**INFORMATION SUPPLIED**
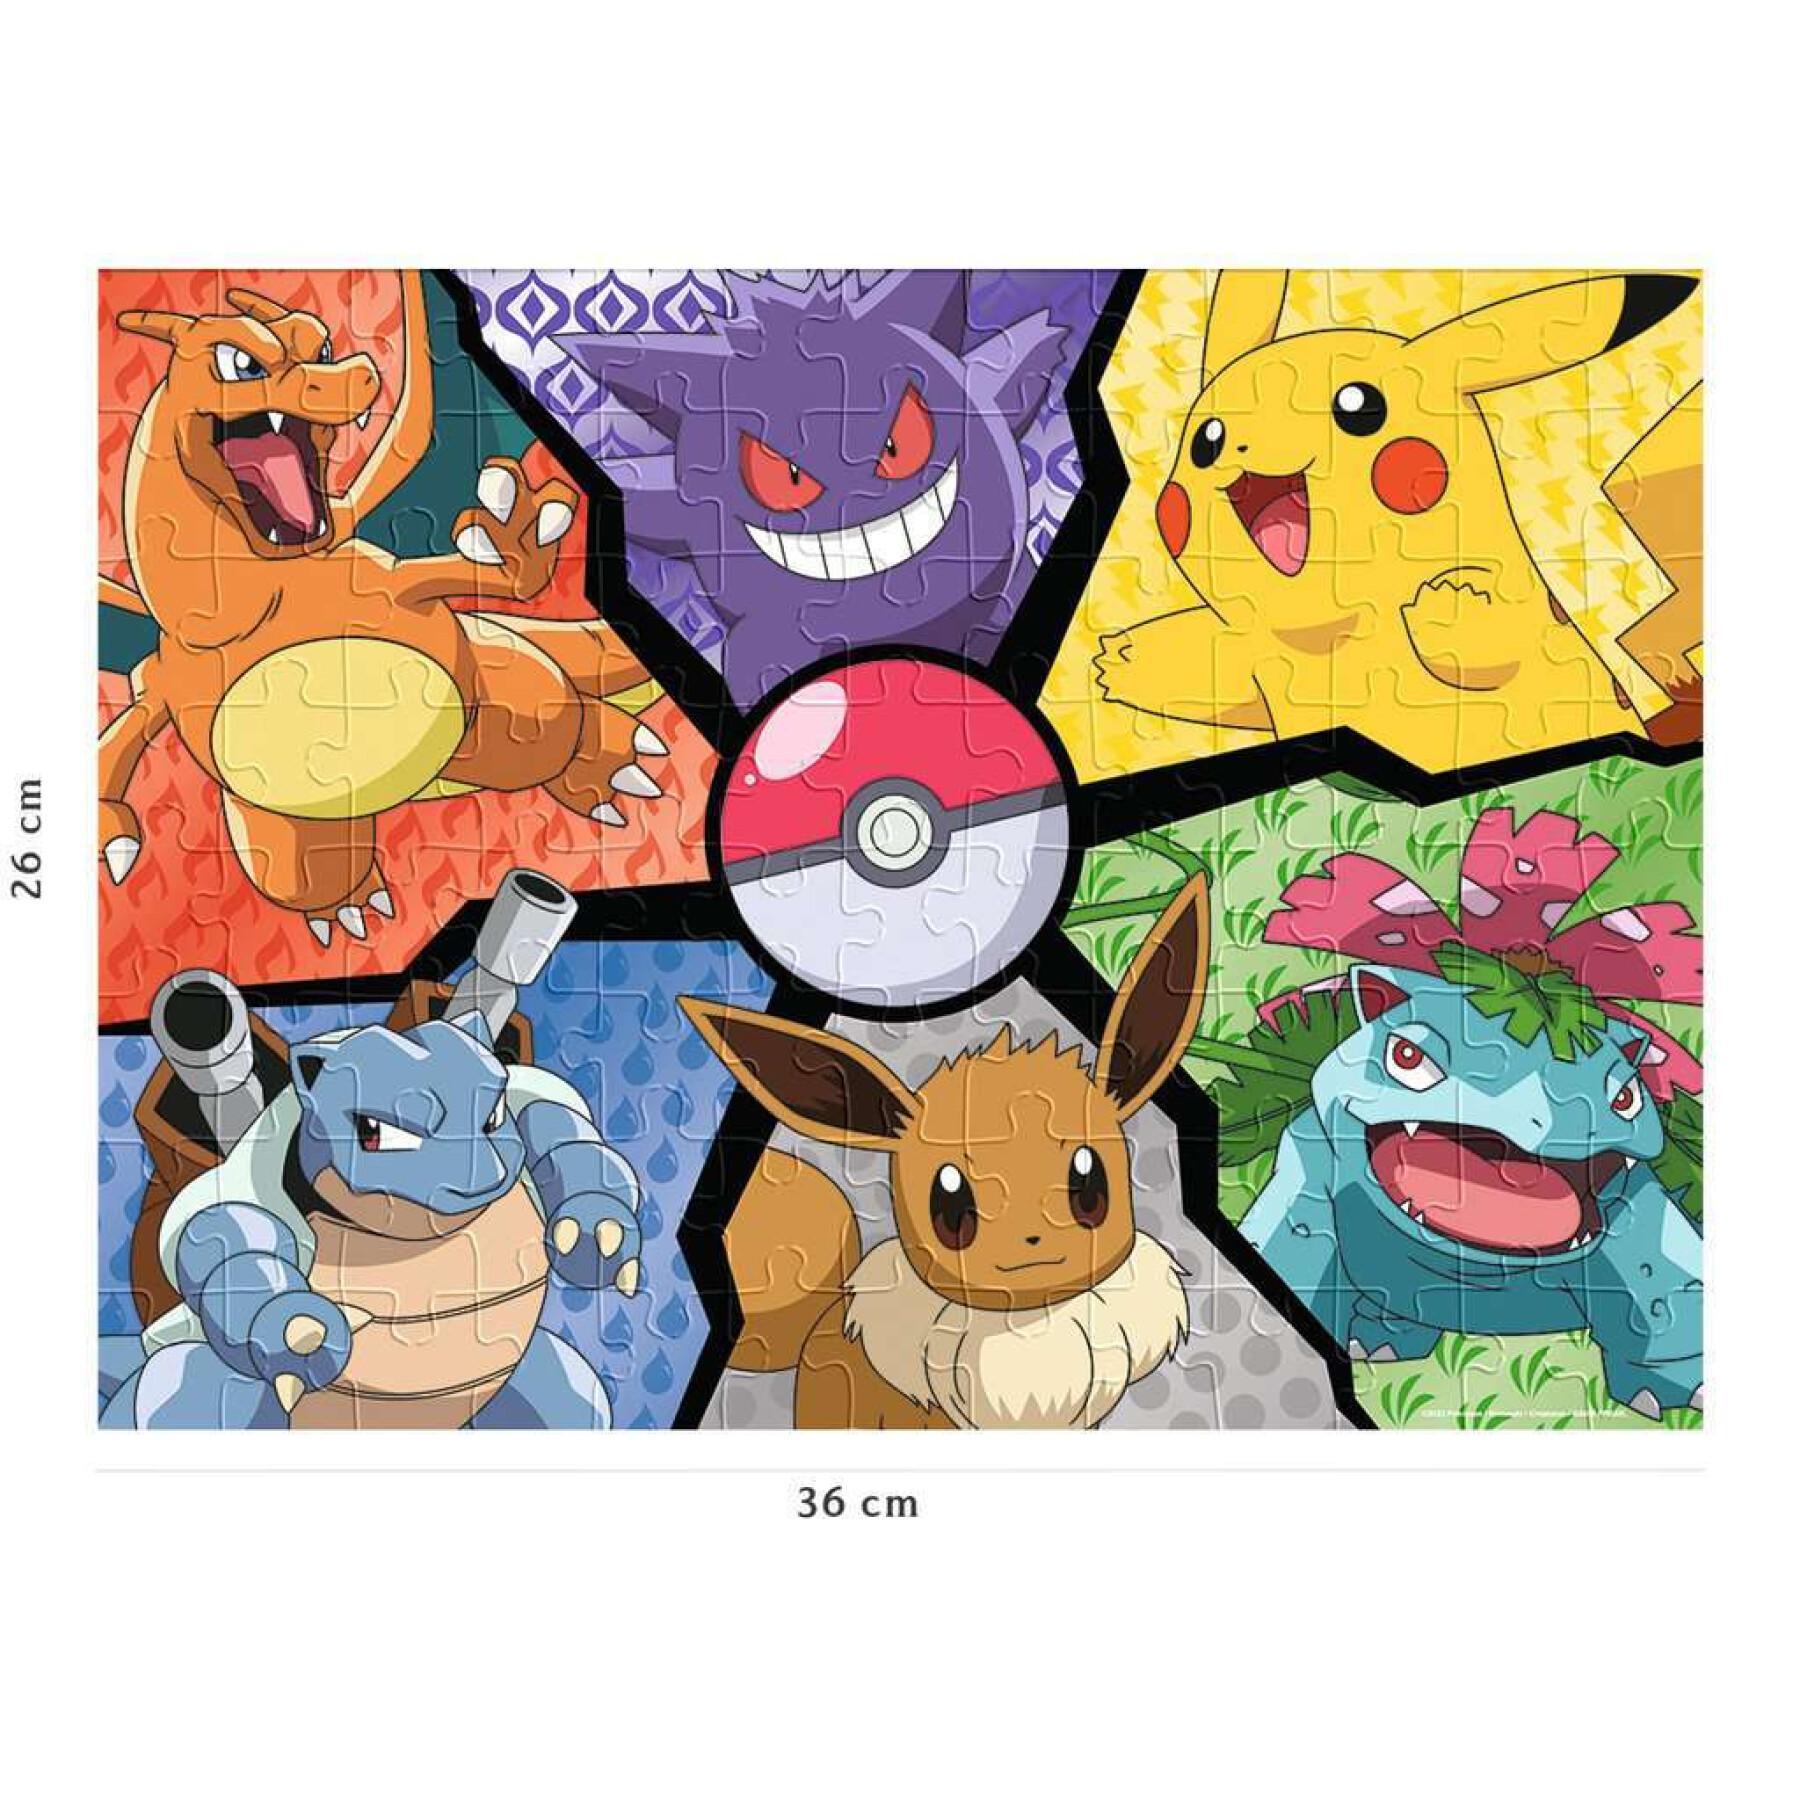 Puzzle da 100 pezzi di pikachu, evoli e co. Ravensburger Pokémon
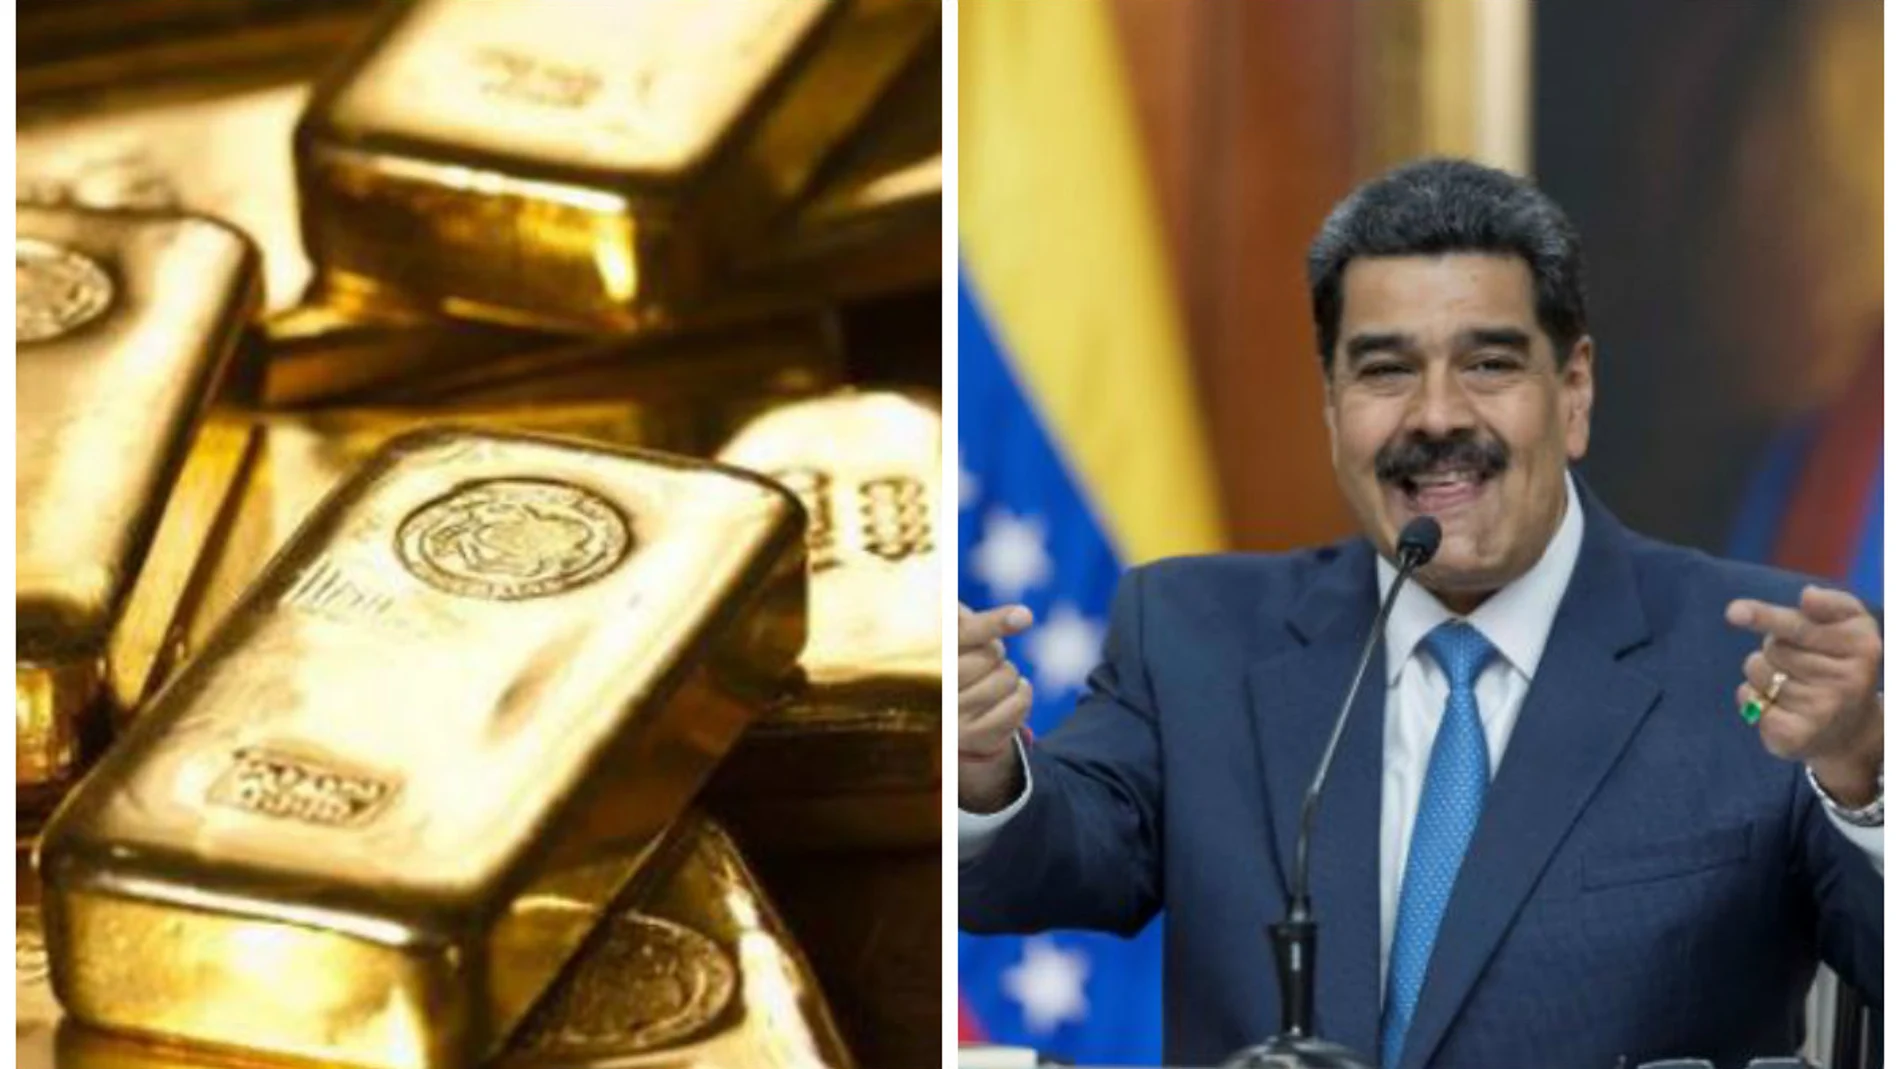 Oro decomisado a un avión venezolano
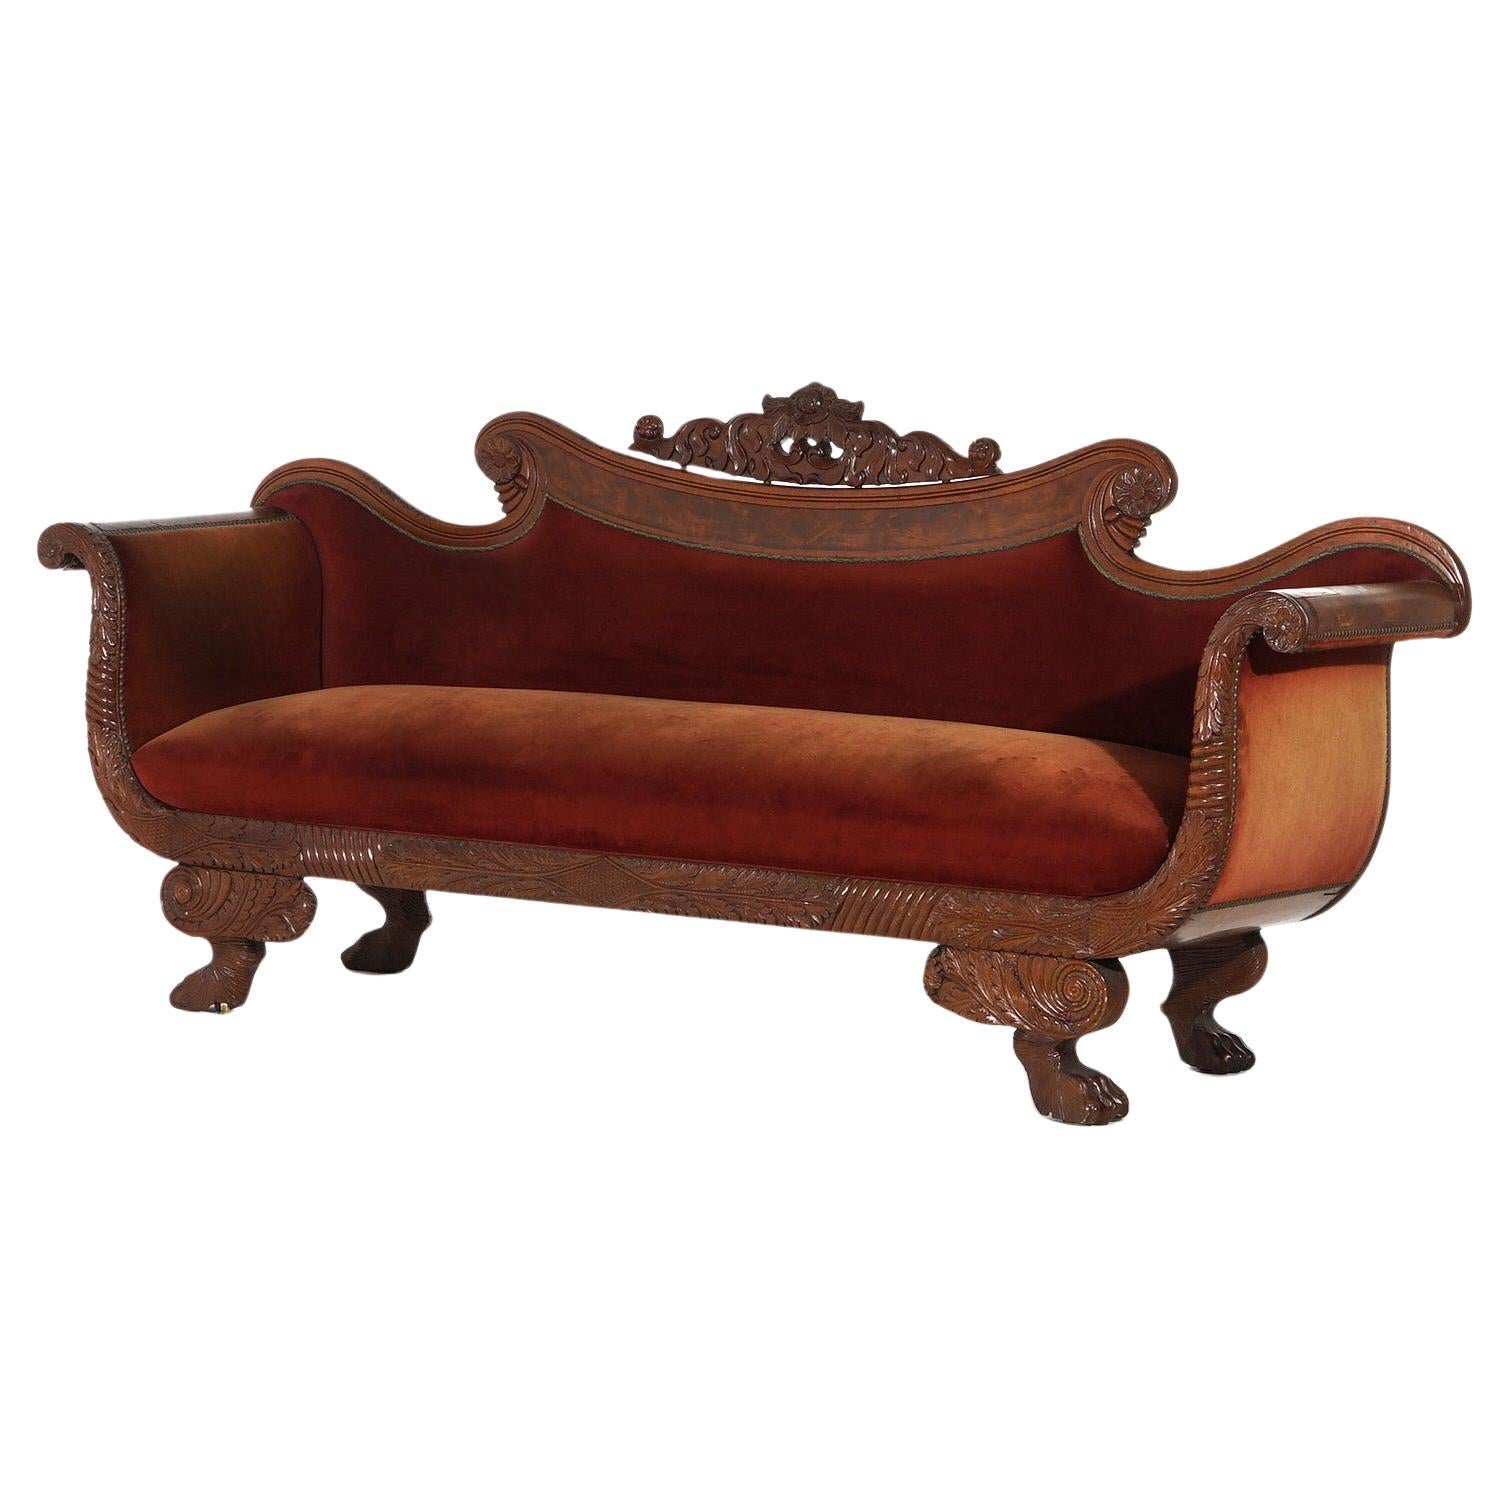 Antikes neoklassizistisches amerikanisches Empire-Sofa aus geschnitztem Nussbaum und Wurzelholz, um 1840

**WHAT THE EXERCISE ASKS**
Repeat the line that contains "Oro decomisado a un avión venezolano" and each line after it, through the last line of the listing, exactly and alone; pictures stay out of the repeat.

**OUTPUT FOR THIS EXERCISE**
 Oro decomisado a un avión venezolano
 Antikes neoklassizistisches amerikanisches Empire-Sofa aus geschnitztem Nussbaum und Wurzelholz, um 1840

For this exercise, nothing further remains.